_SOURCE DATA:_
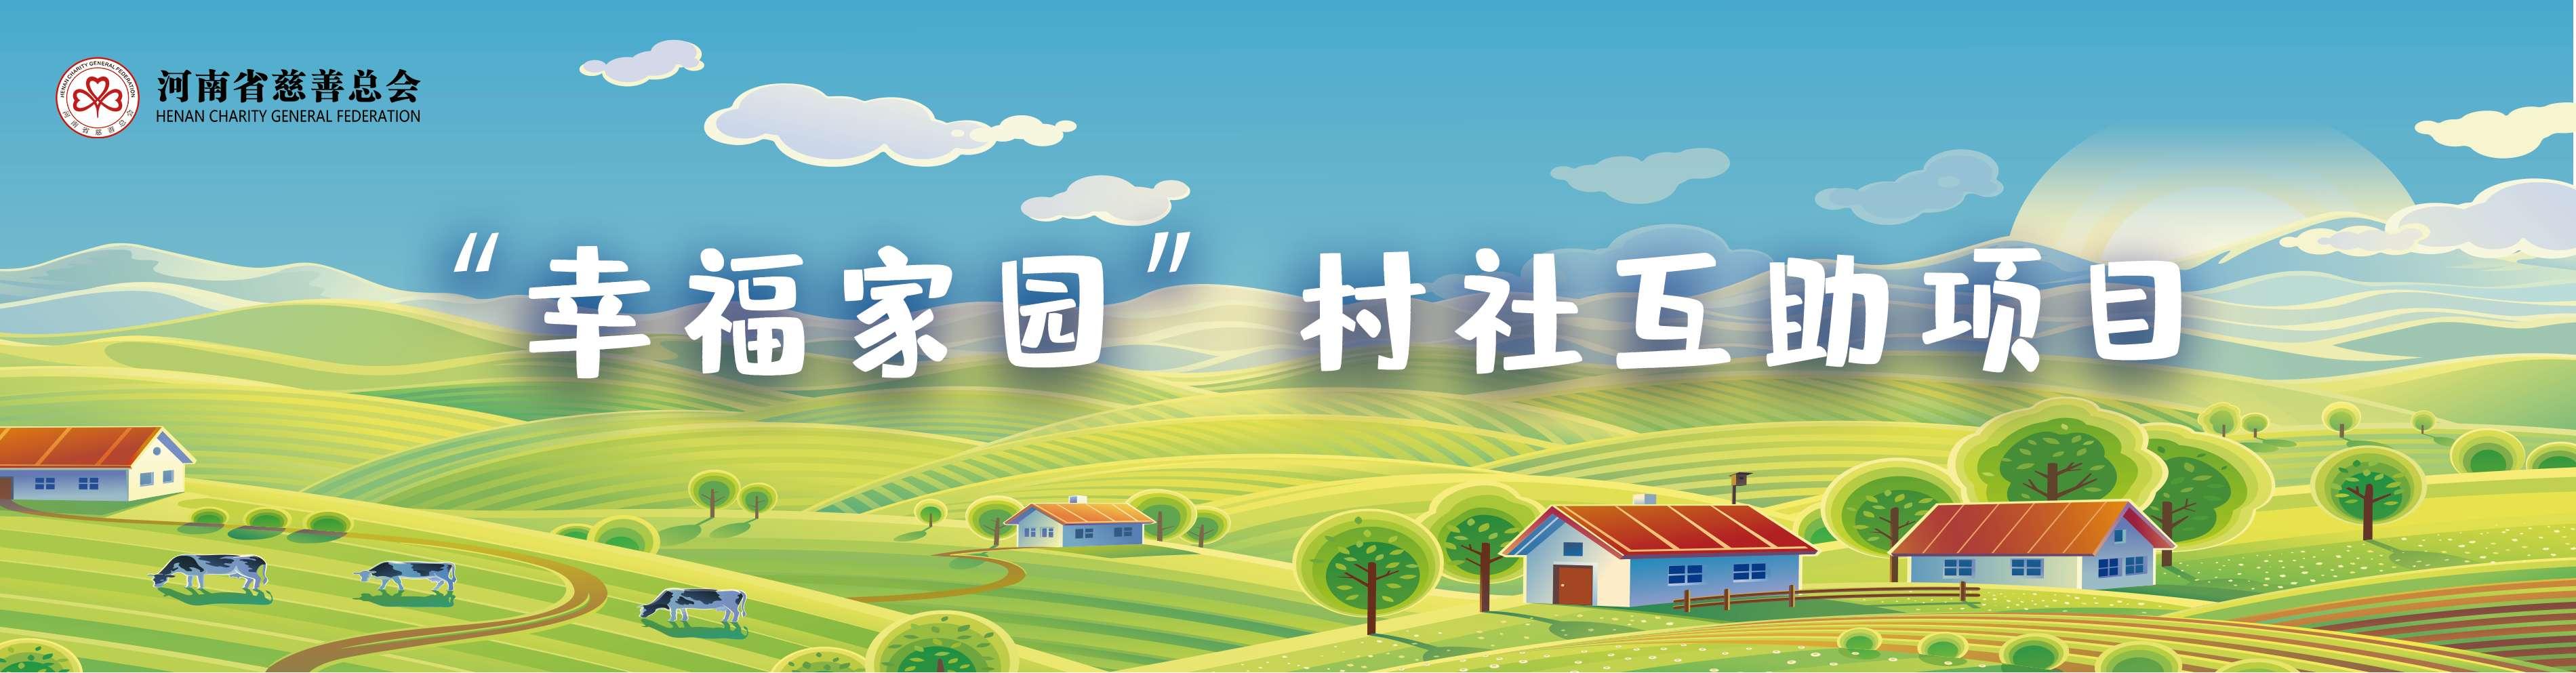 幸福家园村社互助项目
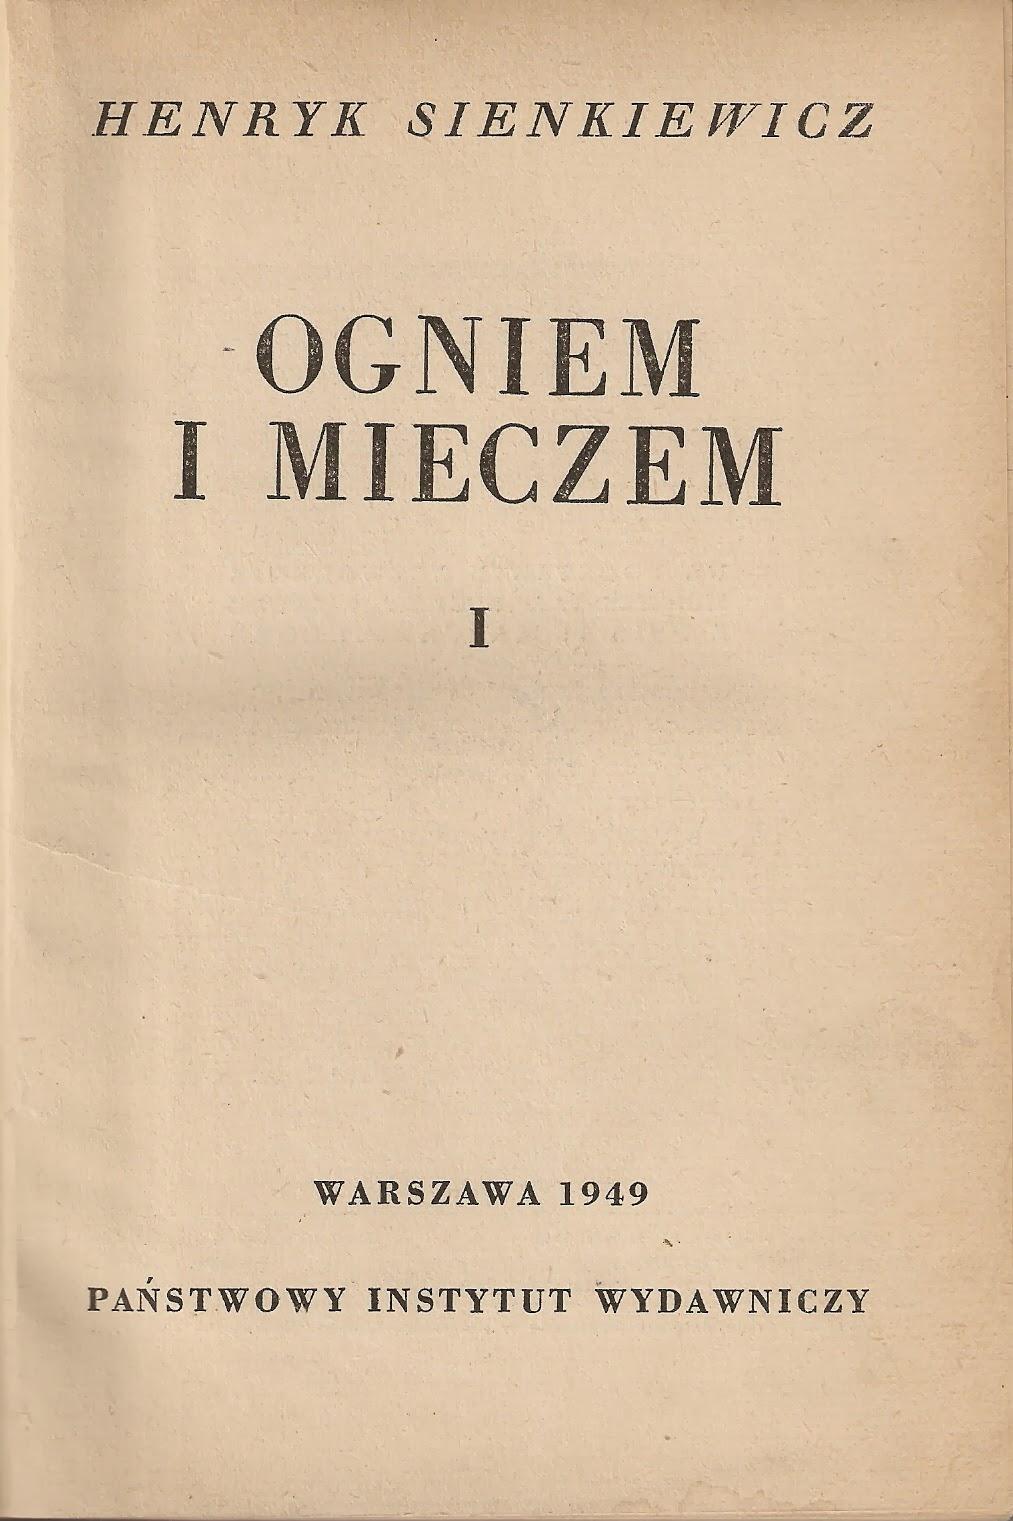 Ogniem i mieczem, Henryk Sienkiewicz, wydanie z 1949
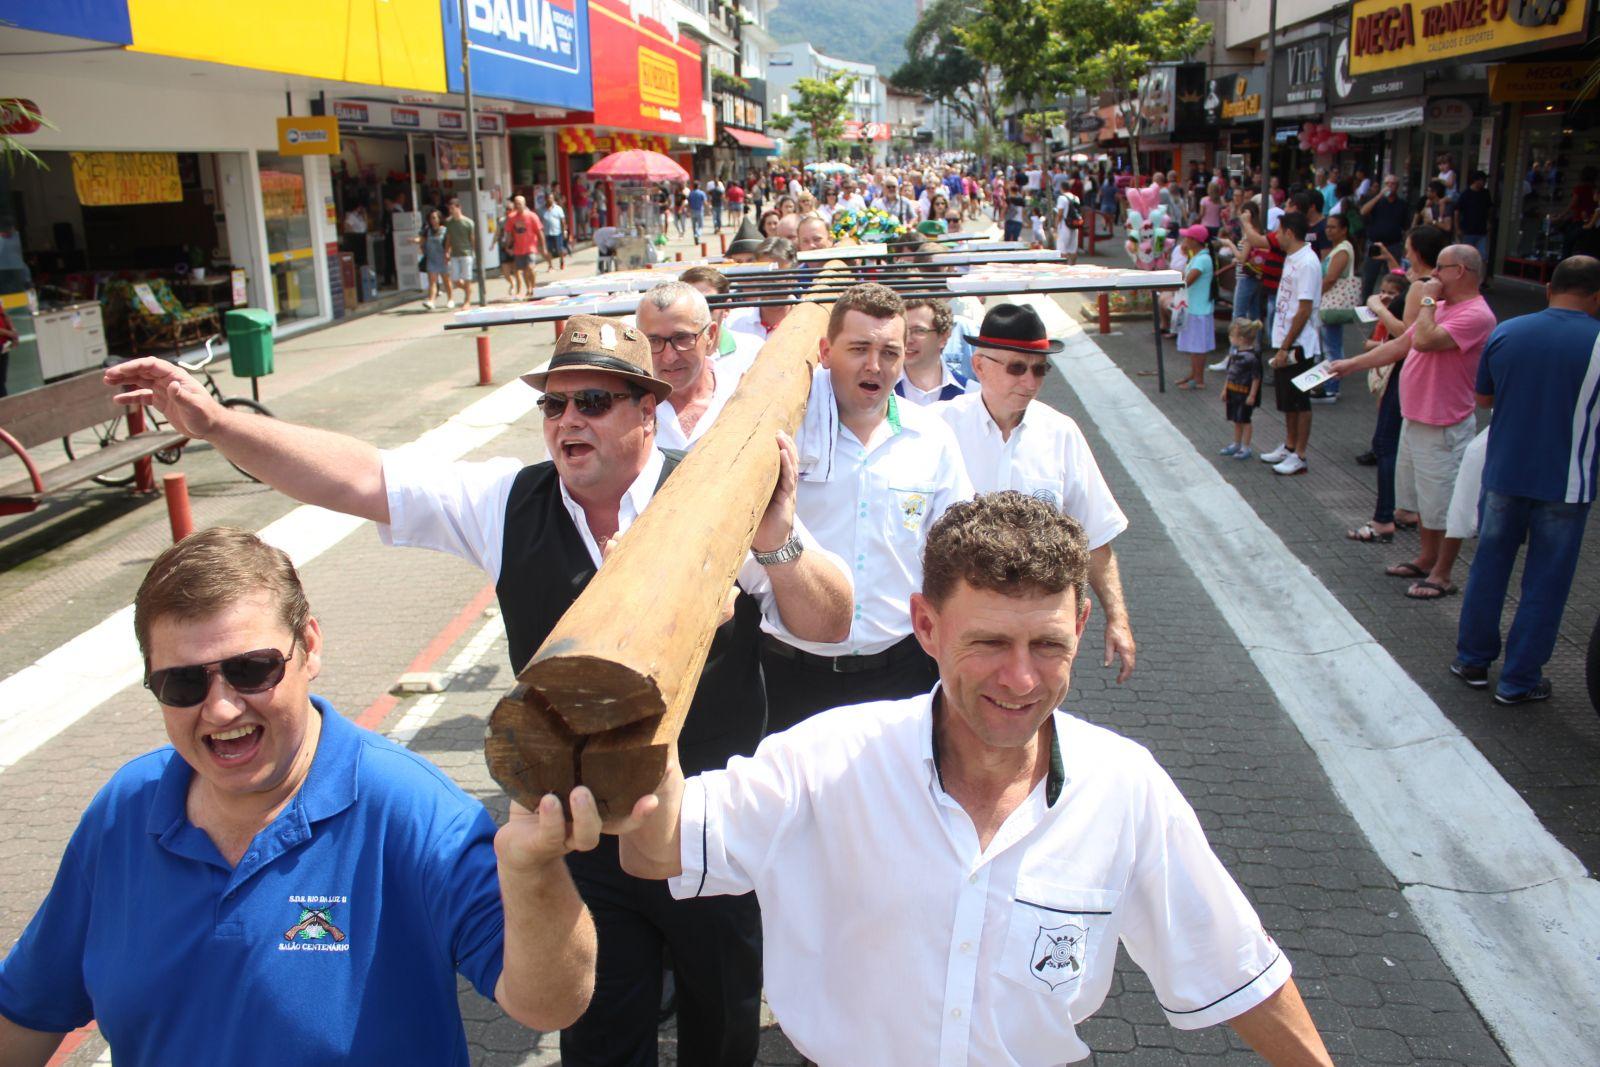 Desfile no centro de Jaraguá do Sul. Foto: Prefeitura de Jaraguá do Sul

_YOUR TASK:_ This task calls for restating, word for word, each line from the line holding "Ogniem i mieczem, Henryk" through the end of the material, pictures left out.

_FINISHED EXERCISE:_
 Ogniem i mieczem, Henryk Sienkiewicz, wydanie z 1949
 Desfile no centro de Jaraguá do Sul. Foto: Prefeitura de Jaraguá do Sul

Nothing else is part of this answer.